In our judgment, no fair-minded observer would draw an inference of any substantial connection between Wake Smith and the BTA from this linkage on the BTA website. The suggestion of a connection between Wake Smith and Sedley LJ is fanciful.
Point (vii) draws attention to the fact that a partner in Wake Smith has co-authored the paper on compensation “posted” on the BTA website. It appears to us to be a sensible paper giving balanced information. It is obviously not a BTA document. Its provision on the site is far from suggesting a significant tie-up between Wake Smith and the BTA – even farther from suggesting any connection between Sedley LJ and Wake Smith.
Point (viii) is about Mr McCombe who gave expert evidence for the claimant. He was a co-author of the paper on compensation. No attempt was made at trial to suggest that Mr McCombe was biased. Why the point is raised now we are unable to understand – and we are unable still less to see why it suggests any connection with Sedley LJ at all.
Point (ix) is about Wake Smith’s website. It says “The Industrial Diseases Team is delighted to be associated with the BTA (link given). The BTA is a leader in providing support advice and information about BTA”. This little bit of puffery would not concern the reasonable, fully-informed observer, quite apart from the fact that it has nothing to do with Sedley LJ.
Weightmans final point (x) is simply, and inexplicably, wrong. Contrary to what is asserted, the 2008 BTA medico-legal conference was not organised by Wake Smith. The firm had a stand there and no more.
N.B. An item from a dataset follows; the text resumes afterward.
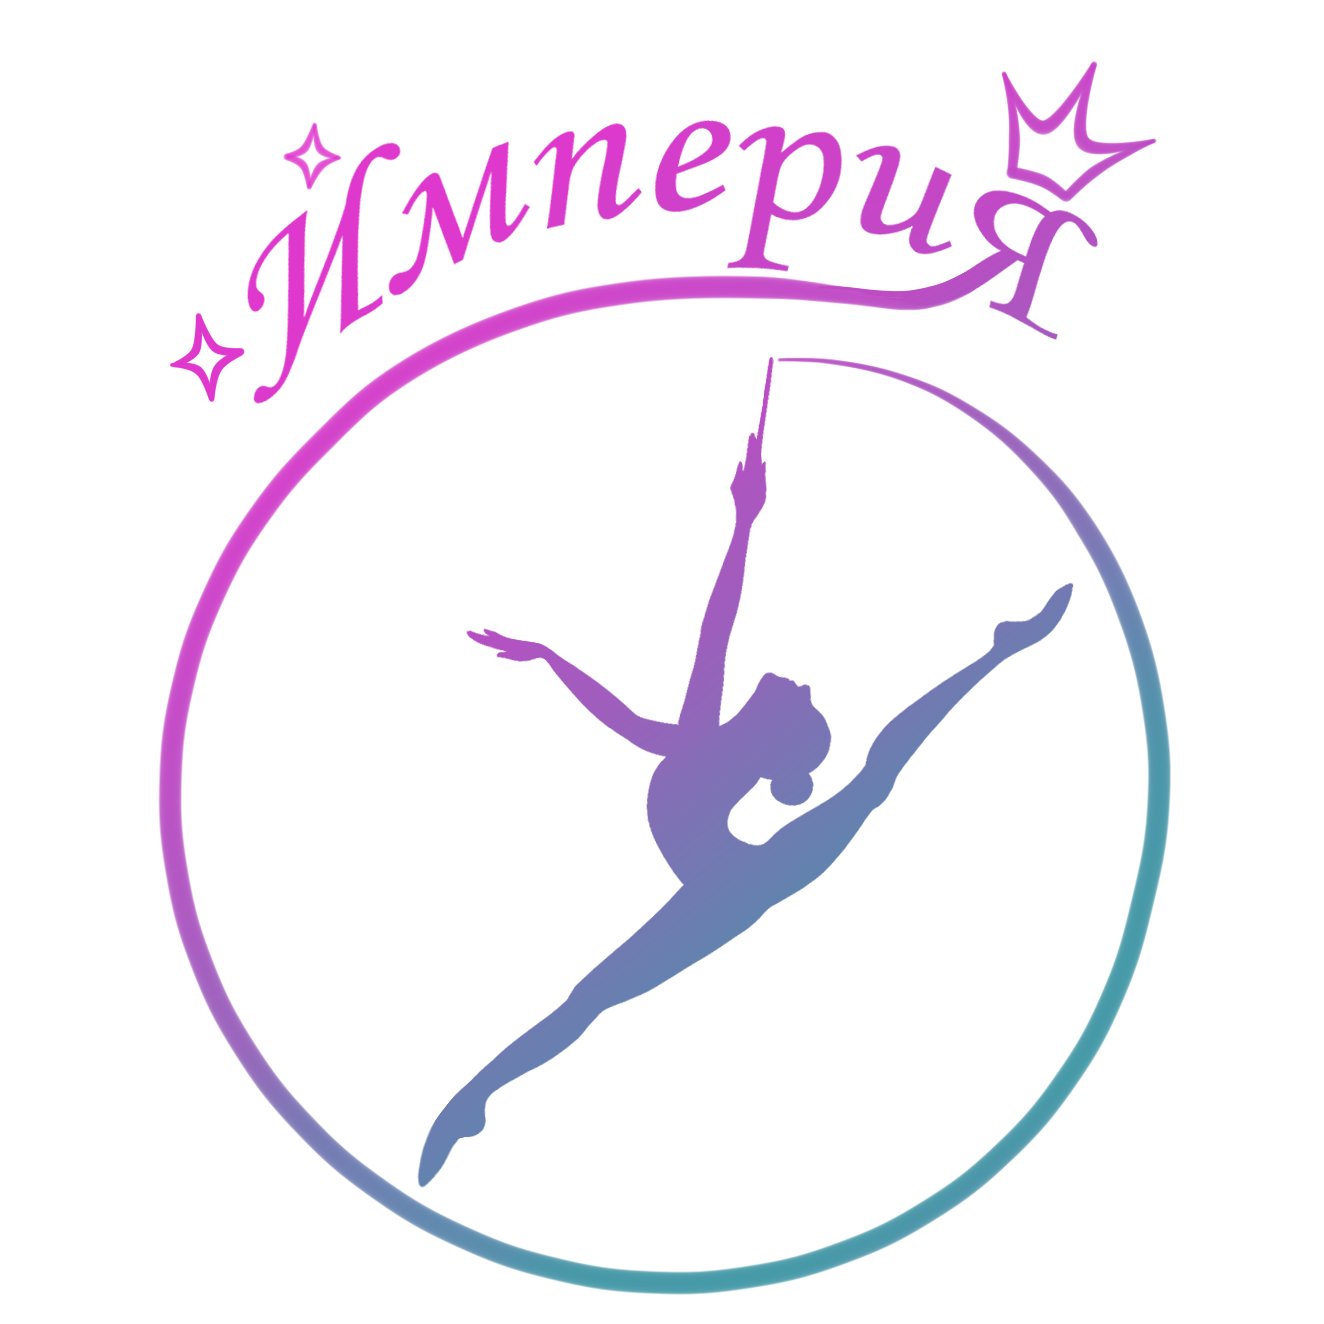 Художественная гимнастика символ

The upshot of all this is that the “web of links” is quite without substance. The objection on this basis should never have been made, and once made should have been dropped as soon as Sedley LJ had made his statement.
The tinnitus objection.
We turn to the objection based on the fact that Sedley LJ himself suffers from mild tinnitus and we are accepting for present purposes that this was not disclosed. It too is a point of no substance. It amounts to a contention that no judge with any particular disability should hear a case involving that disability. A judge with poor eyesight or only one eye could not hear a case about an eye injury, a judge in a wheelchair could not hear a case about an injury which made the victim wheelchair bound and so on. And, taken to its logical conclusion, the argument would meant that a disabled judge could not hear a case about disability living allowance, or a woman judge hear a case about sexual discrimination against a woman. The examples multiply.
This objection, like that of the “web” has no substance. Coupling the one objection with the other makes no difference: zero plus zero is zero. The objections here are well on the far side of being “unduly sensitive or suspicious.”
The Delay
Sedley LJ said outset that “if you think of something make sure I know fairly soon.” In those circumstances it is particularly surprising that Weightmans say they only discovered certain of the matters relied upon two weeks after the hearing. We have unchallenged evidence from Mr Fry of Wake Smith leading to the clear inference that Mr Byard of Weightmans had visited the BTA website during the hearing. Even accepting that the matters concerned were only found two weeks later, there is no explanation of why they were not found earlier. Further, it is astonishing that, having found the material, the applicants took no action for a further five weeks. We draw the inference from this delay that the matters now relied on were not, at the time of discovery, seen as serious.
Finally, we think that this objection simply comes too late. It is not open to a party which thinks it has grounds for asking for recusal to take a leisurely approach to raising the objection. Applications for recusal go to the heart of the administration of justice and must be raised as soon as is practicable.
For all these reasons, we refused recusal. The applications were without merit.